From the Publisher: Far Away Like a Runaway Balloon – The Star Turns 11

Photo: DarkDwarf. CC-BY-ND

What they don’t understand about birthdays and what they never tell you is that when you’re eleven, you’re also ten, and nine, and eight, and seven, and six, and five, and four, and three, and two, and one. And when you wake up on your eleventh birthday you expect to feel eleven, but you don’t.You open your eyes and everything’s just like yesterday, only it’s todayAnd you don’t feel eleven at all. You feel like you’re still ten. And you are—underneath the year that makes you eleven.

Sandra Cisneros

2022 opened with me in the middle of a new wave of the pandemic, being enlisted to curate three music shows for the Wayward Music Series at the Good Shepherd Center in Wallingford, and even performing in a show myself that January, wondering if anyone would show for any of the events, despite COVID-19 protocols being in place. The year closed with me being asked when I was going to travel overseas again.

The country around me seems to have followed along that path, too: asking itself in January what could be done on the home front with creativity, and deciding in December that the world still contained an awful lot of mystery and needed to be met with respect rather than abject fear.

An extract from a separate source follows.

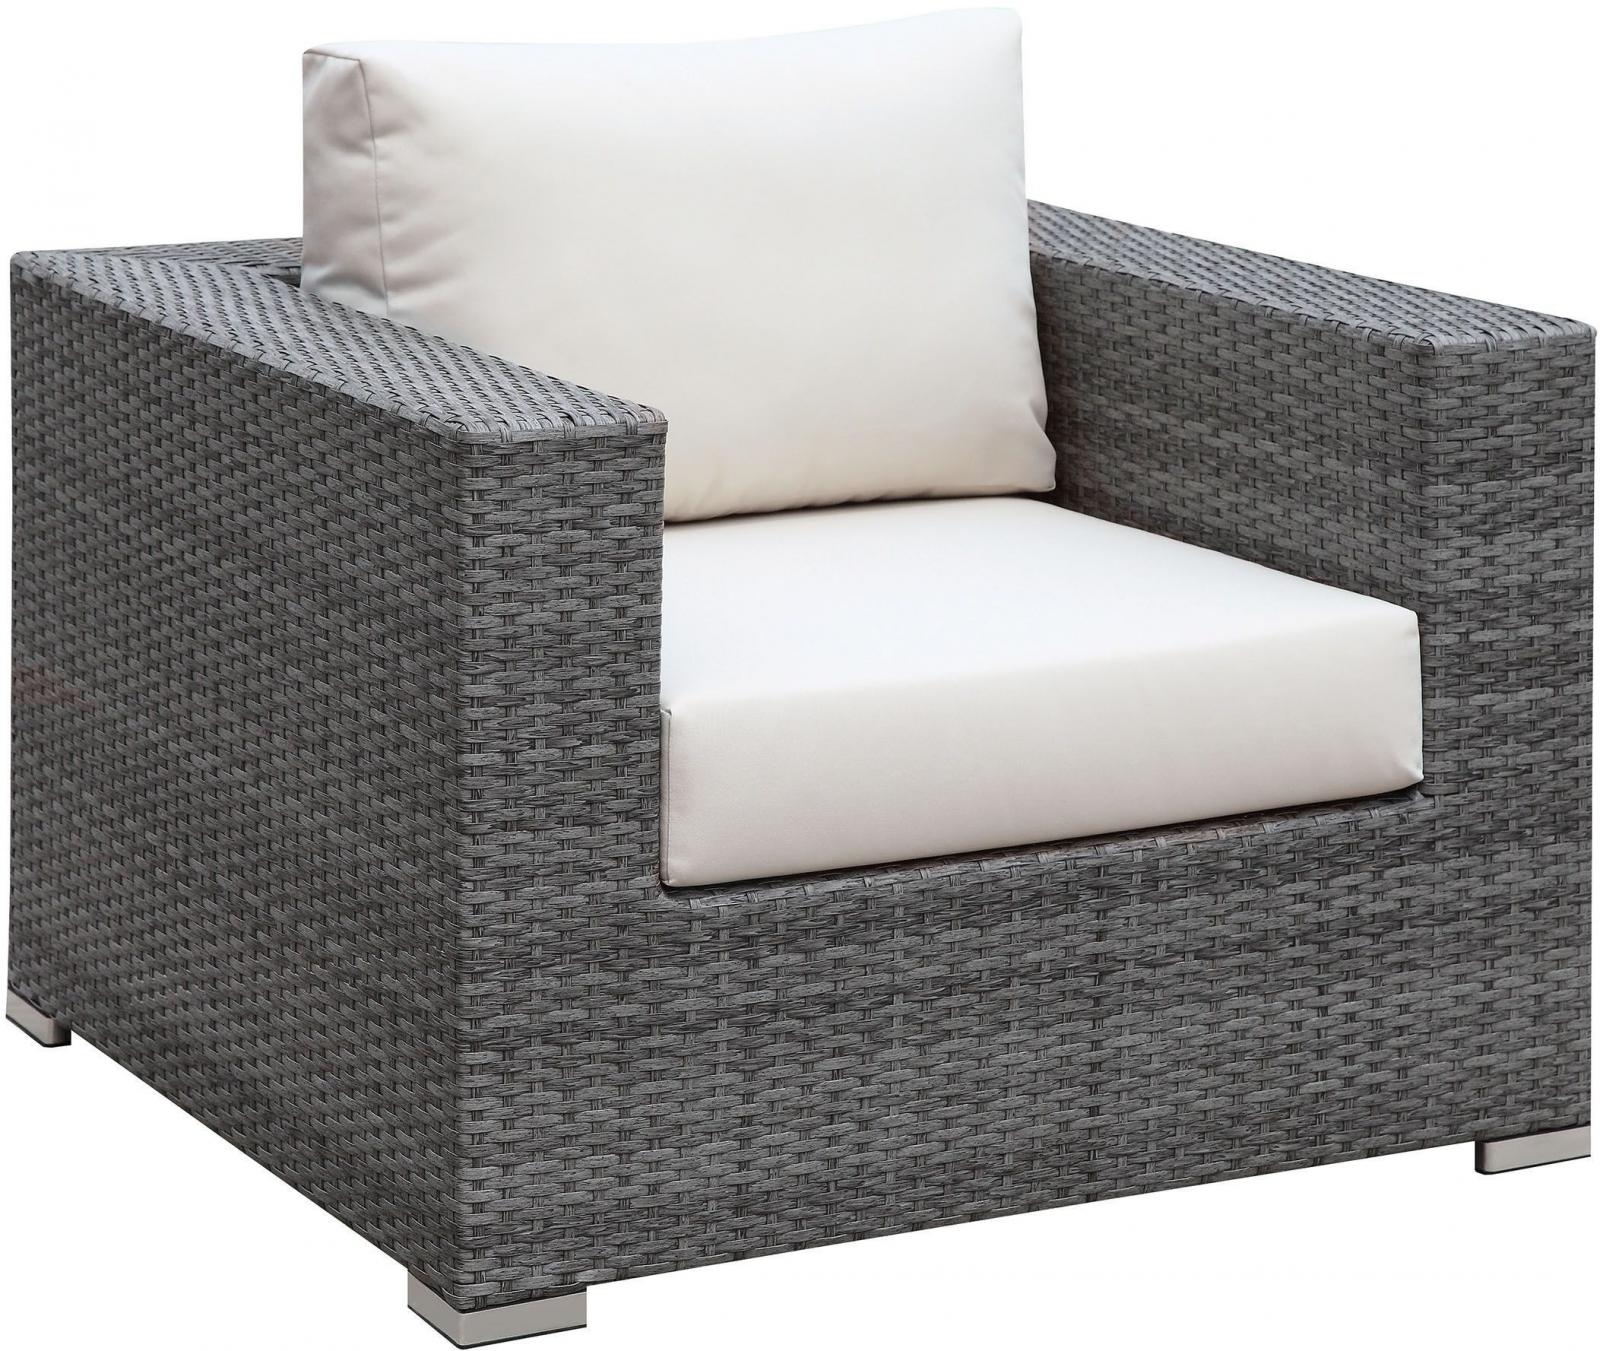 Patio Lounge Chairs W/ End Table Set 3Pcs Furniture of America Somani - image 2 of 3

Yet strangely, as I’ve discovered while publishing The Seattle Star these past 11 years, the world has always been more open to us than the home front. Poets from India, Ireland, Turkey, Australia, Scotland, England, and China seek us out; Seattle poets rarely submit anything. The same goes for fiction. 95% of submissions come from outside of Seattle. British and South African radio dramatists have asked after us frequently; American radio producers prefer to ignore our existence or form Twitter mobs talking about how their white middle class bourgeois generic radio ought to be immune to my very not-white, non-bourgeois, non-generic “punching down” at their efforts. And so on.

Being a Seattle boy, I learned at some point to accept this. Seattle, for all its pretensions about regionalism, generally gives the middle finger to anything from any of us born here that isn’t easy technology. It’s all part of the “world class city” gambit, a blunt statement that we can only be an important cosmopolitan center if people from the East Coast give us their consent, and that nothing we create here is good enough, and how great it is when artists from elsewhere come to stay less than five years in their grand attempt to duhSIVILEYES us and that they’re far more notable than us peons. This is, of course, hogwash. But it persists nonetheless.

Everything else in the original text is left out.